On the Internet this morning was this piece about the opening of the $27 million Creation Museum in Kentucky, and below are a few quotes that caught my attention.
Ken Ham, the rugged-faced CEO and president of Answers in Genesis, the nonprofit ministry that built the museum explained why dinosaurs and man are displayed in the same time frame: “ They all had to exist at the same time because they were all made on the same day. There may not be any fossil evidence showing dinosaurs and people in the same place at the same time. But it is clearly written that they were alive at the same time.”
In Ham’s view, the great flood explains not only where scientists find fossils today but also the topography of the modern world. The Grand Canyon was made in a matter of days or weeks as the waters of the flood rushed away and the land was reclaimed.
Ham blames the notion that the Earth is quite a bit older than the Bible suggests for just about all the world’s problems. Evolution, which requires large amounts of time for small changes to accumulate into larger ones, makes it far too easy for people not to believe the Bible, he says. And that loss of belief “is at the root of modern evil.”
A visiting senior said, “It’s not how old it is that matters to me. What matters is being right with God. Darwin’s theory has no God. It can’t be right. I don’t know if this story is truer than Darwin’s theory, but I do know it’s better.”
To me this is a very clear picture of our age in transition. On the one hand you have a map of reality as drawn by the rational worldview born in the enlightenment that sees man as the objective observer outside of the phenomena he is observing. The universe this worldview created is a flat world made of things that bounce around obeying the commandments of natural law. The scientist is the priest who describes this world to us and saves our poor butts from the hell of not having AC through the communion of technology. This world has no depth.
On the other hand you have the map of reality created by a God who is an objective observer of things that bounce around according to the Ten Commandments or His whims. This is also a flat world in time that has a beginning and an end, as all good stories do, and man really has no say but to blindly conform to this world view as the priests of the Bible dictate. This world also has no depth.
But with both maps you have one thing in common: you and I are puppets, empty cups that must be filled at the altar of either the rational scientist who demeans faith, or the irrational priest who proudly substitutes reason with faith so that what he says is the only means to salvation and the way out of this imperfect and sinful world both worlds have created.
We need a new map. We need a map that puts God in our existence as the source of who we are, a God that can be experienced as who we are, and God that loves us as we are. We need a map that puts faith and reason together as partners in the same human being. We are really very tired of a God who only loves us if we are good—and being good for this God is a double-bind trap where we are damned if we do and damned if we don’t. We need a map that doesn’t pit our natural urges against our spiritual longing, which create a civil war within and a war against nature without.
We need a new map that will lead us from the unreal to the real, from darkness to light, and from fear to the knowledge of immortality.

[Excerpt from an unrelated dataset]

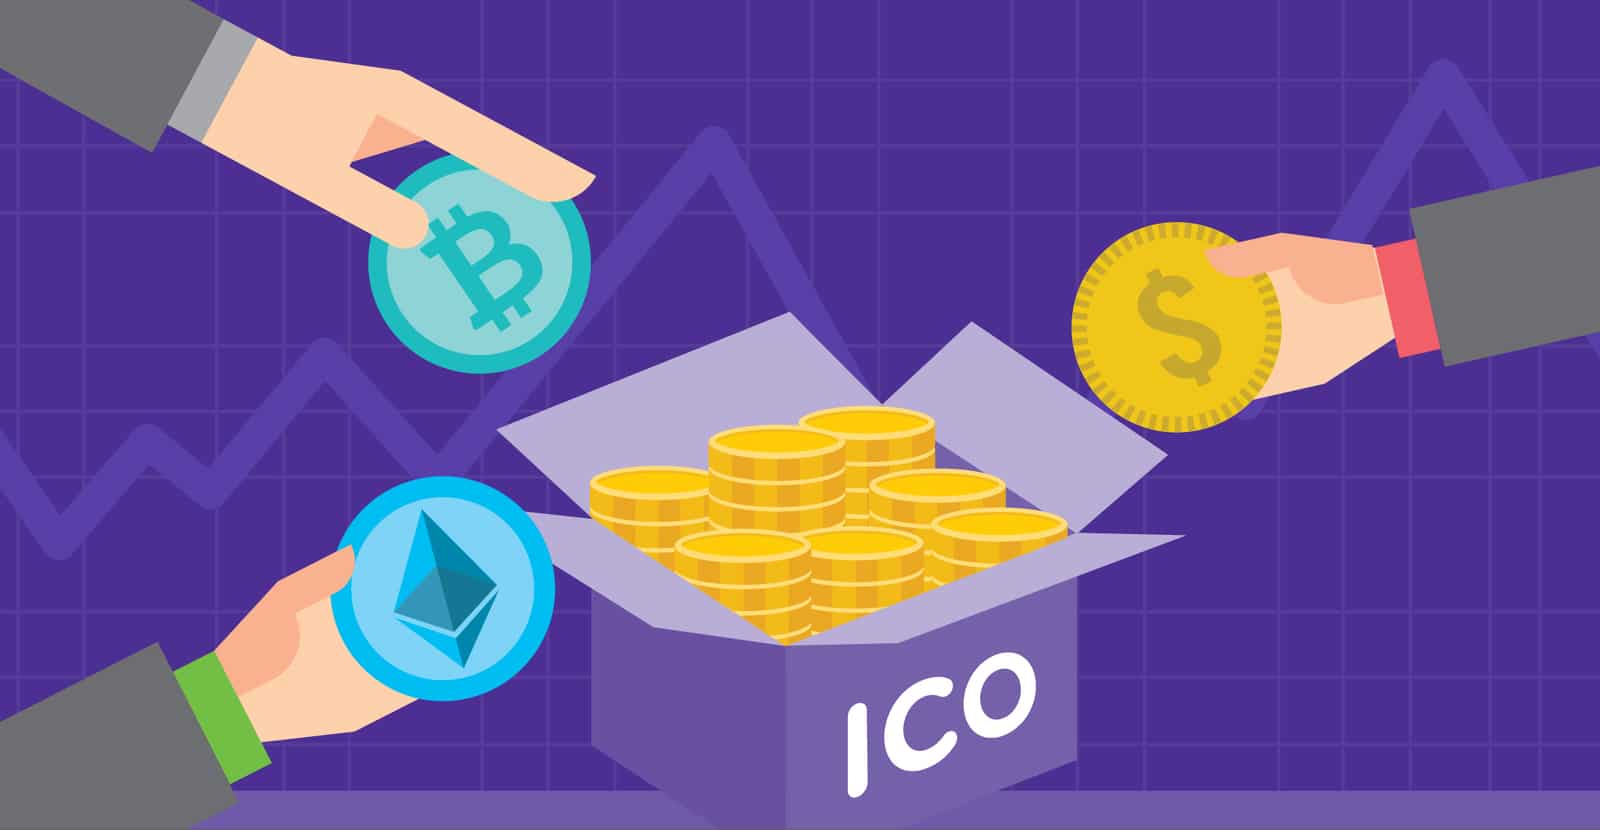 Tips for participating in ICOs

This map is out there, but you won’t find it in a science book or a church. And that is because this map has to be discovered by each of us, not given in a book.
Grace comes as the Holy Spirit to those who have faith in themselves and in the small voice within that says, “You need a new map.” When you throw out all the outdated maps with the contradictions and dead-ends, you must be willing to stand on the edge of the unknown with the known world behind you, without fear and in perfect trust in God.
Here is the real “cutting edge” where reason and faith hold hands. Our reason tells us the we are the mapmakers, and that all conceptual maps are of only limited value for a short time; our faith tells us the God has created a beautiful friendly place for us to live, right now and not in the future. Reason can show us what is unreal, but only faith in the unknown can lead us to the real. When we discover the real, it is very, very reasonable because everything fits.